*Raw data*.
▬▬▬

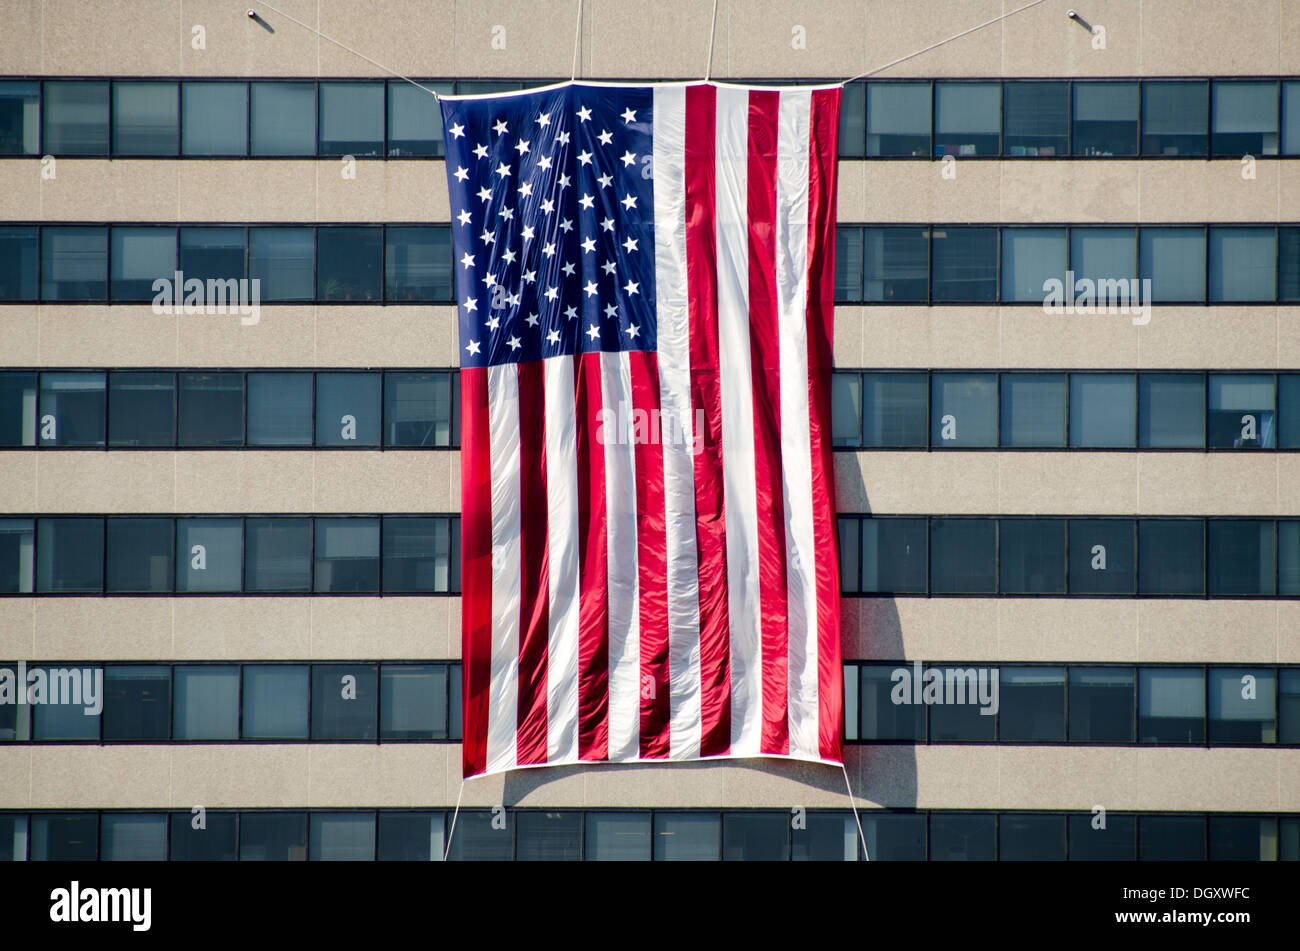 Appaltatori della difesa e altre attività di base in Rosslyn, Virginia, drappeggio grandi bandiere sul al di fuori dei loro edifici per l'anniversario del 9/11 attacchi terroristici. Il Pentagono, che è stato il bersaglio di uno degli attacchi, è nelle vicinanze. Foto Stock
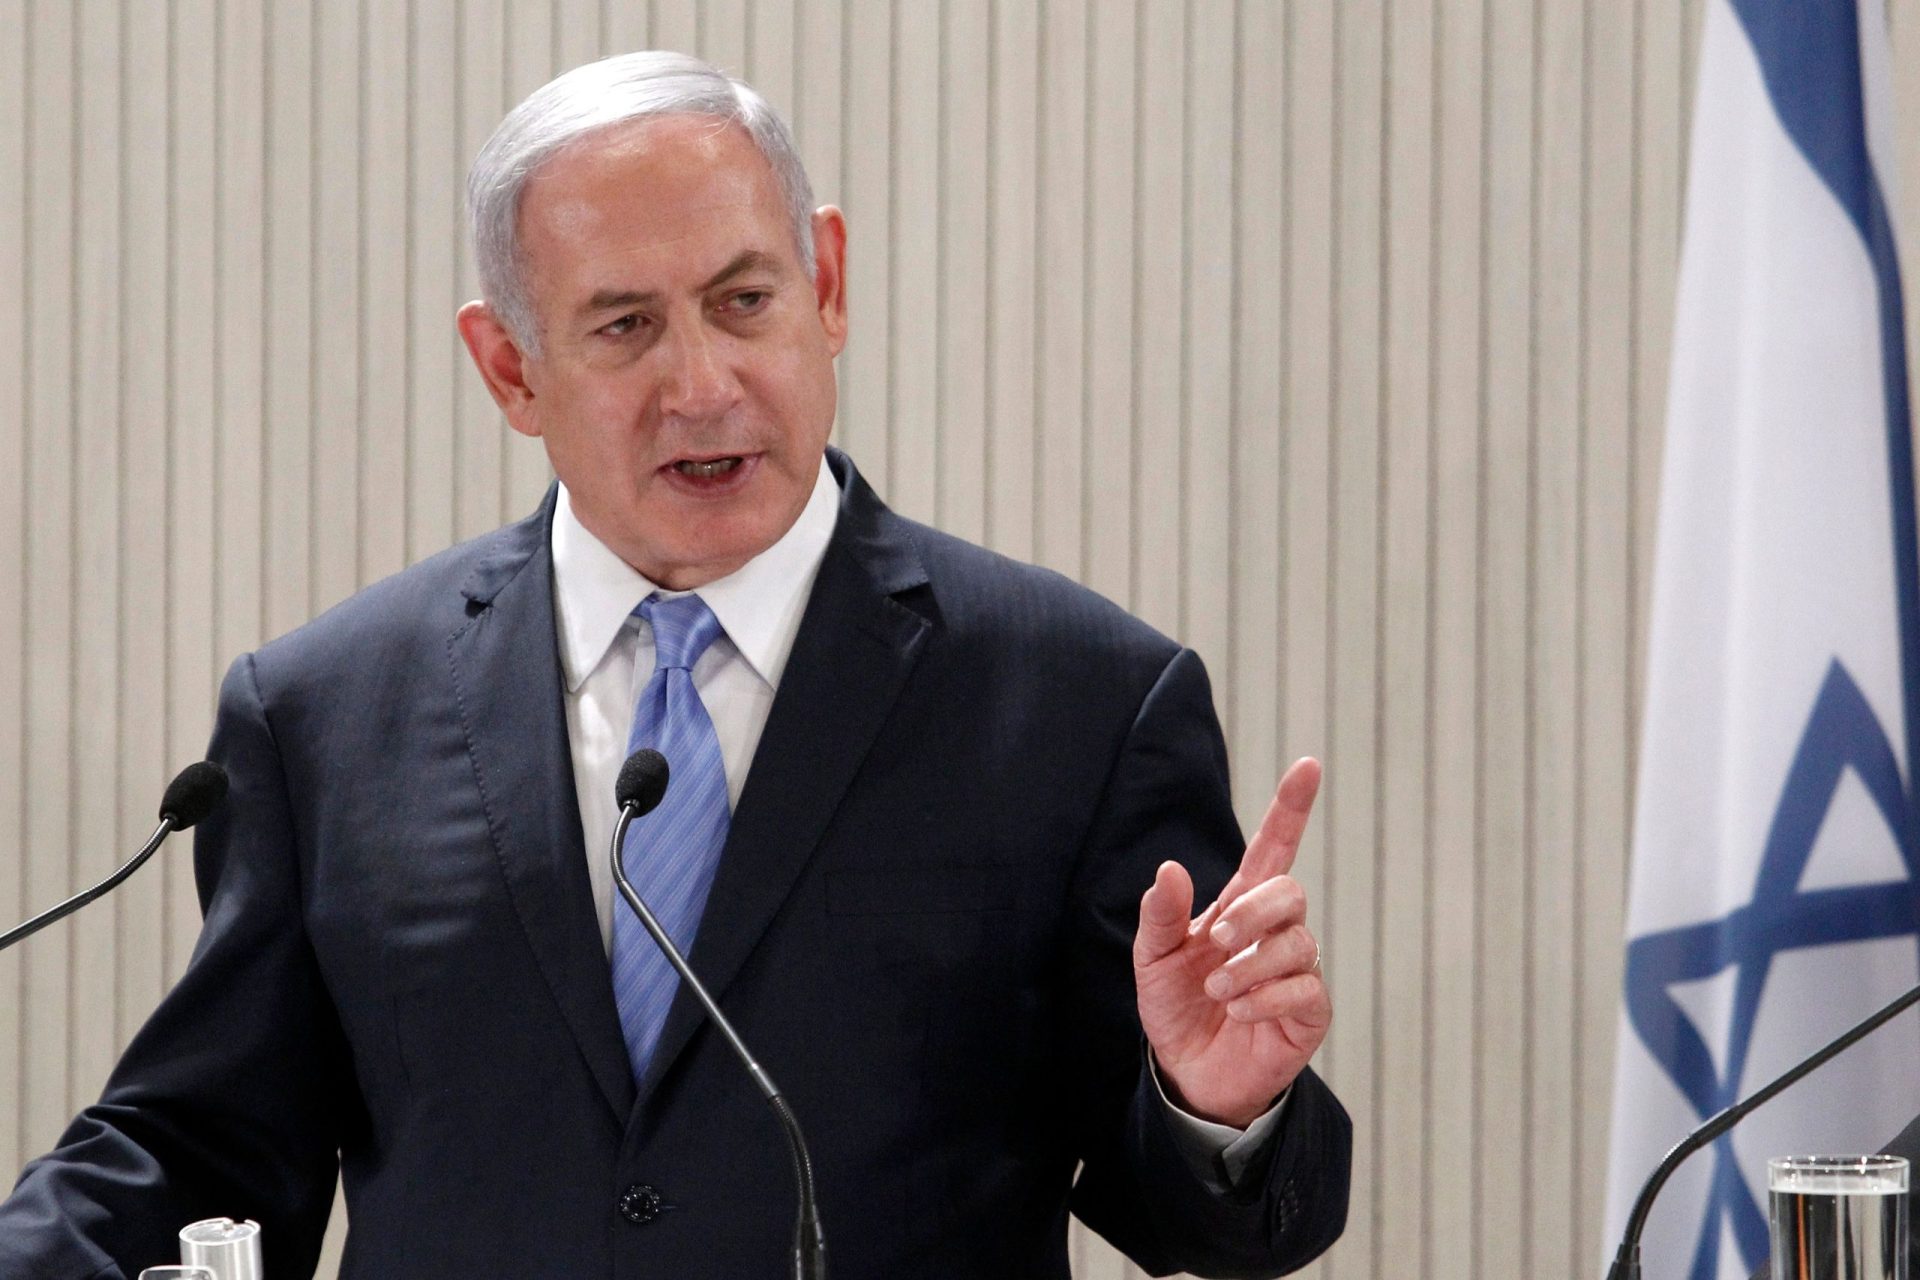 Netanyahu espera provas sobre envio de medicamentos para reféns
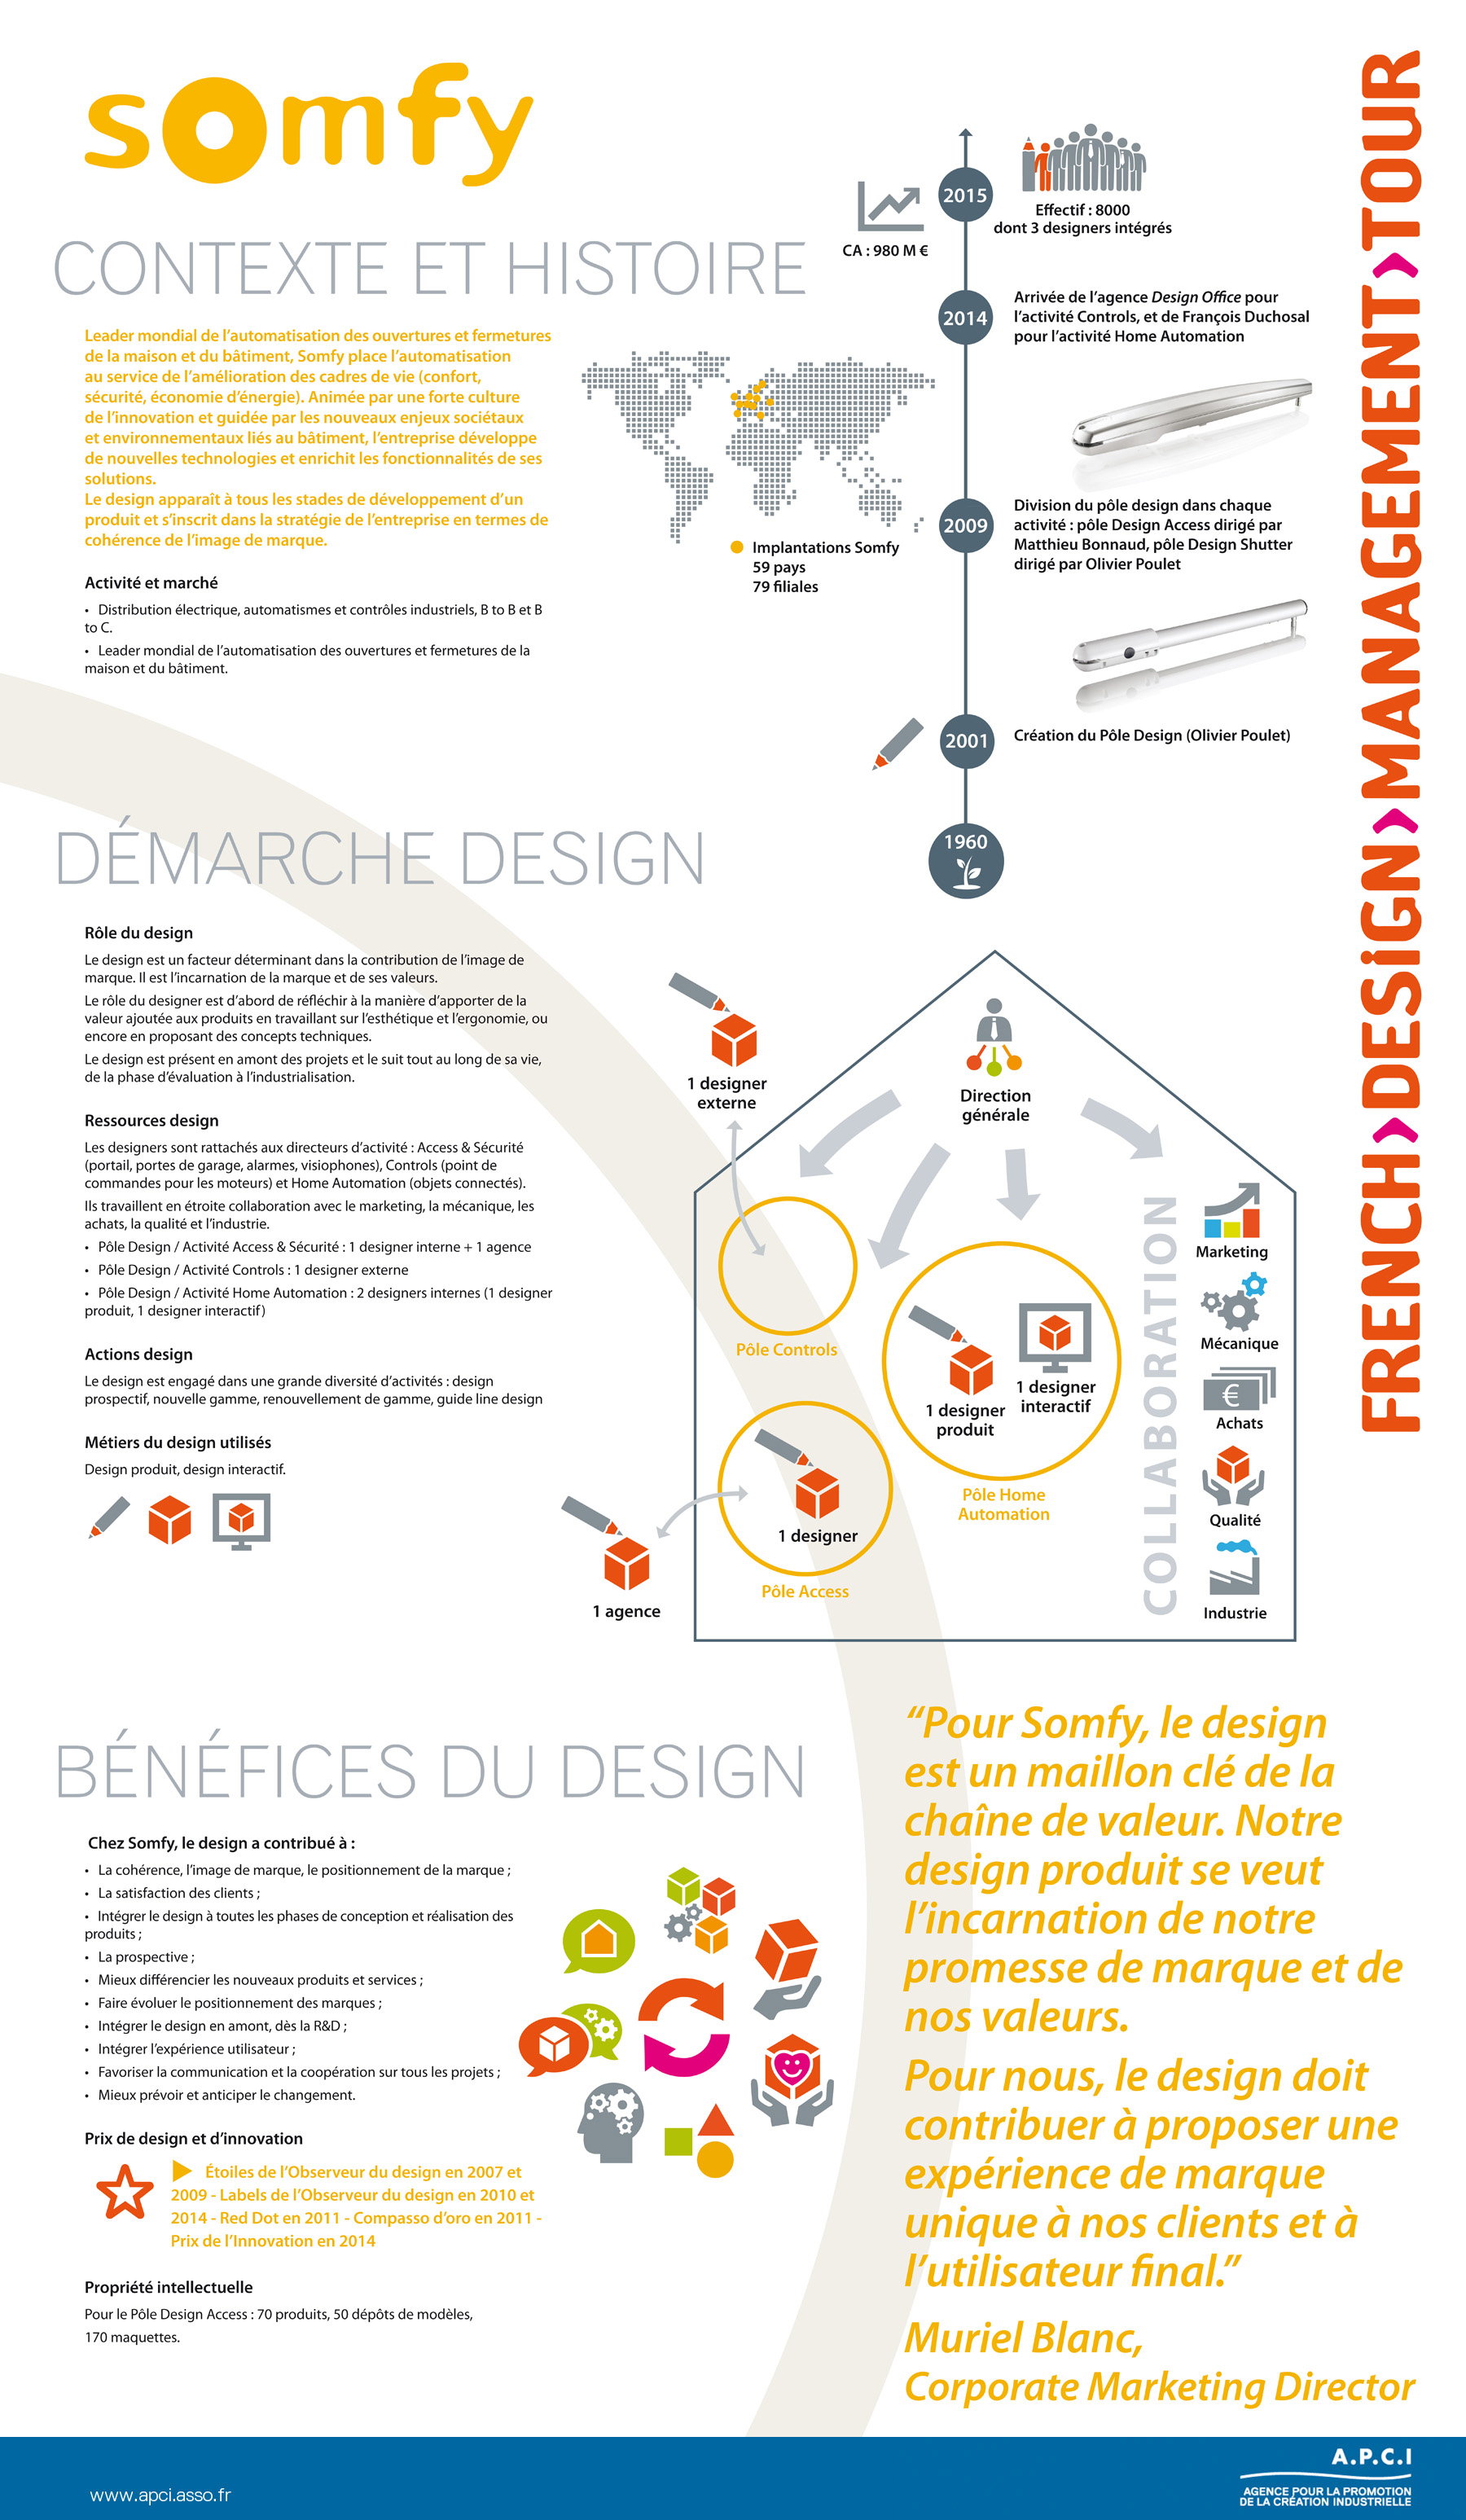 French Design Management Tour - Somfy

▬▬▬

*What to produce*. Please copy the data above exactly; the pictures do not belong in the copy.

*Task response*.
 Appaltatori della difesa e altre attività di base in Rosslyn, Virginia, drappeggio grandi bandiere sul al di fuori dei loro edifici per l'anniversario del 9/11 attacchi terroristici. Il Pentagono, che è stato il bersaglio di uno degli attacchi, è nelle vicinanze. Foto Stock
 Netanyahu espera provas sobre envio de medicamentos para reféns
 French Design Management Tour - Somfy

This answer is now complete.